Industry picks over Doyenz's UK cloud disaster
Cloud watchers share their thoughts on why they think the US vendor has pulled the plug on its UK cloud.
Industry watchers have savaged US cloud backup provider Doyenz for not giving users enough notice about closing down its UK service.
As revealed by IT Pro yesterday, the SMB-focused firm is switching off its rCloud disaster recovery service in the UK tomorrow and has given users until the end of the month to retrieve their data.
The firm, who launched in the UK around nine months ago, is understood to have broken the news to its customers and reseller partners earlier this week.
I suspect they have not done as well as they'd hoped as quickly as they wanted.

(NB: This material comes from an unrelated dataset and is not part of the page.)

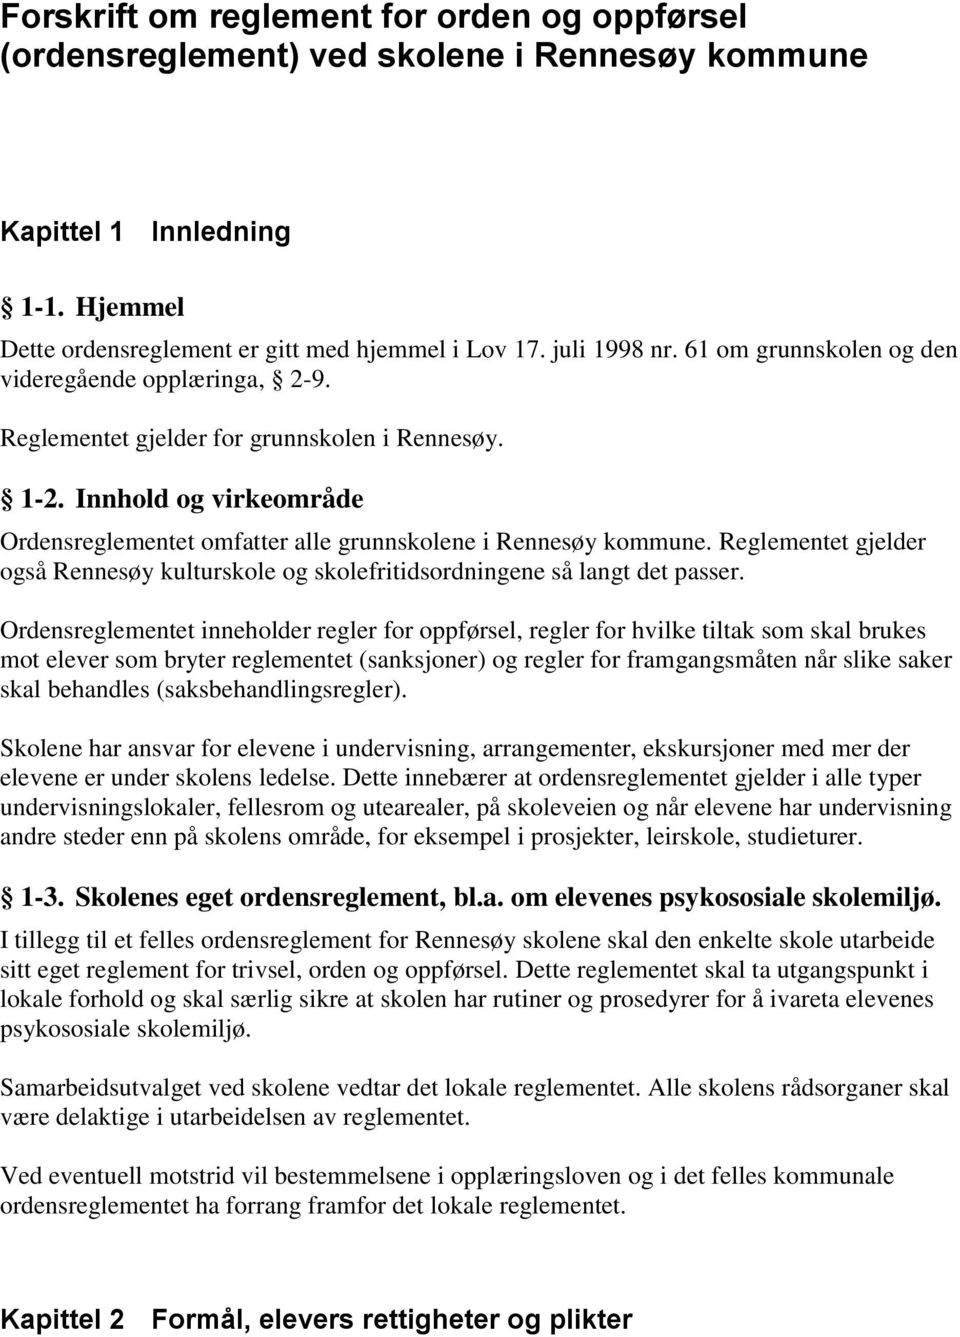 Reglementet gjelder også Rennesøy kulturskole og skolefritidsordningene så langt det passer.

Last month, tech site Geek Wire reported that an unspecified number of the firm's US staff had been laid off.
At the time of writing, IT Pro had still not received an official statement from the firm to explain its actions, despite repeatedly requesting one.
However, industry sources have suggested to IT Pro the firm's decision to axe its UK service is because of investor pressure.

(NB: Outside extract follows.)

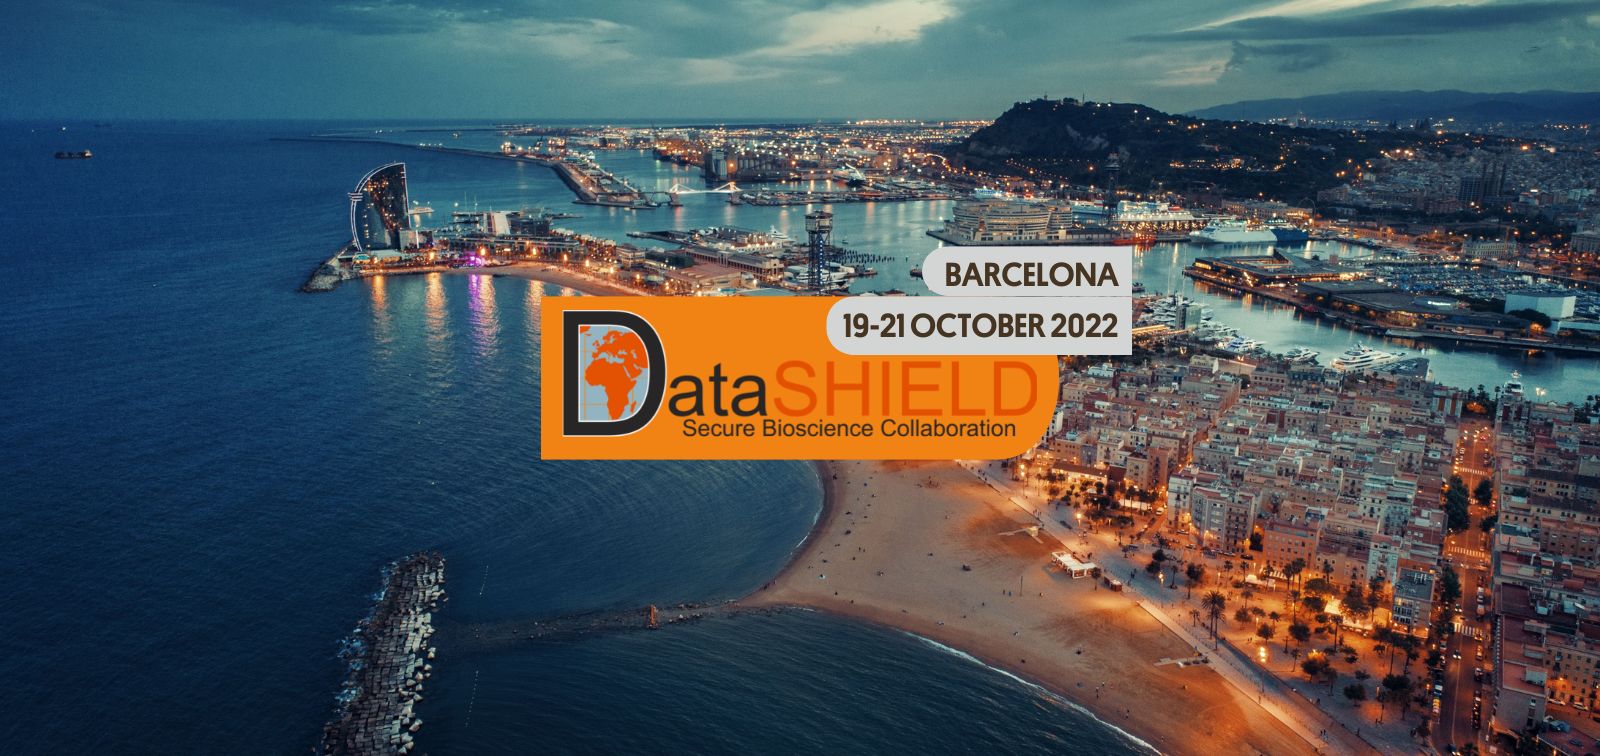 DataSHIELD Barcelona 2022

The company is backed by venture capitalists, and our source claim its backers have may have got impatient waiting for the firm to gain a foothold in the UK.
"Venture capitalists are notoriously impatient, so I suspect they have not reached the right size of customers in the UK and not done as well as they'd hoped as quickly as they wanted," said our source.

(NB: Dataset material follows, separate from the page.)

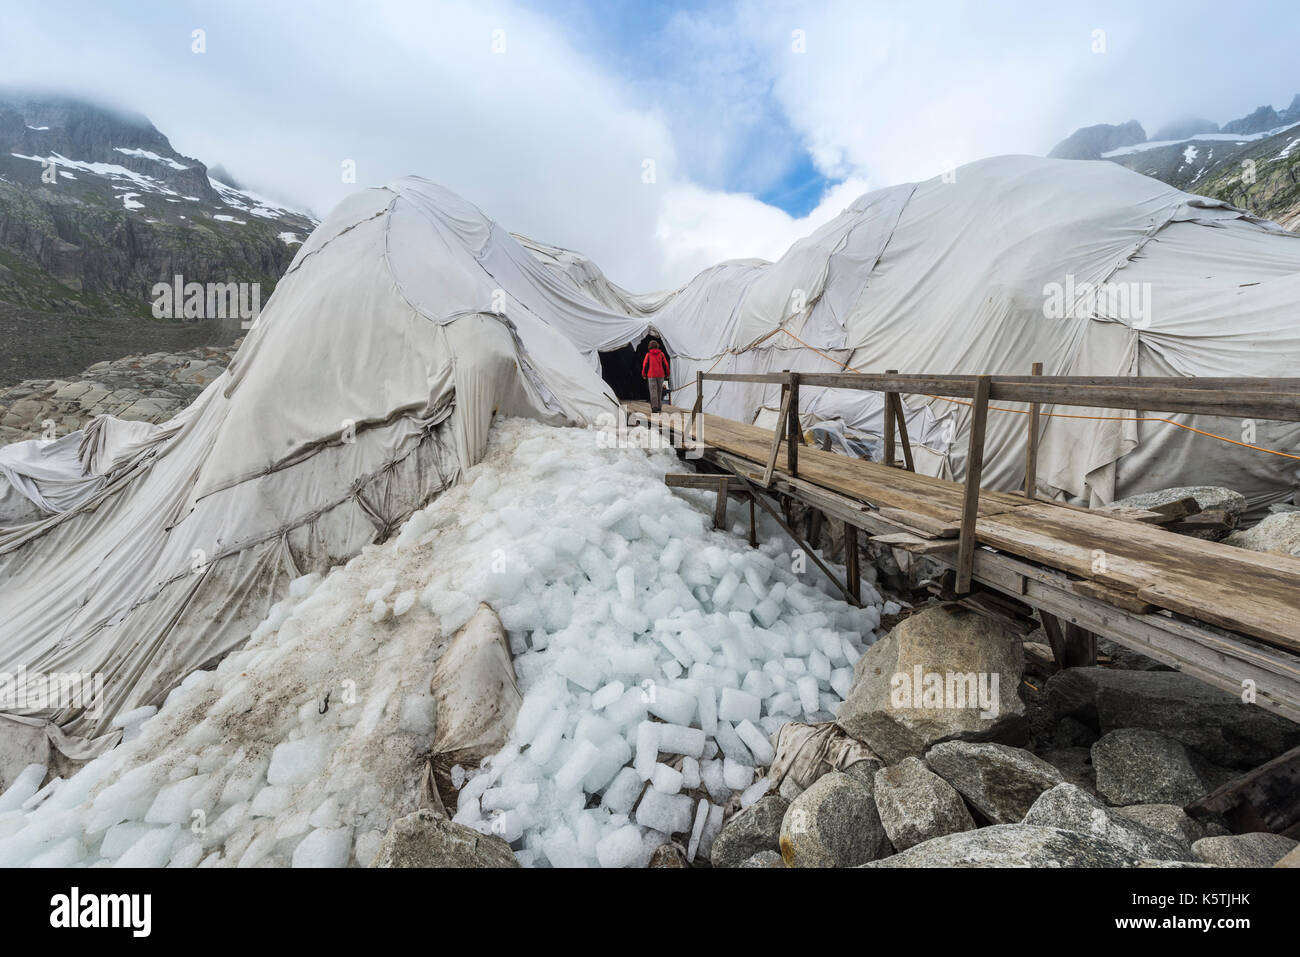 Ingresso del tunnel di ghiaccio del ghiacciaio del Rodano, coperto con panni bianchi contro la fusione, obergoms, Vallese, Svizzera Foto Stock

Doyenz operated a UK datacentre, but Clive Longbottom, service director at analyst firm Quocirca, said this may not have been enough to persuade firms to hand their data over to a US vendor.
"Even if the data is stored in the user's country, if the facility is owned and/or operated by a US company, the data may have to be opened up to US authorities, if they invoke the Patriot Act," Longbottom told IT Pro.
The SMB online backup market, where Doyenz was playing, is a highly competitive place, with many small firms opting to use Dropbox or Google Drive-type services, said Longbottom.
"Many SMBs have also had no formal approach to backup in the past, so why should they suddenly leap up and [adopt one] now," he added.
"They market needs educating [about why backup is important], and this requires more than just a US company putting a few banner ads around, hoping that having built the same mousetrap as everyone else the masses will beat a path to their door."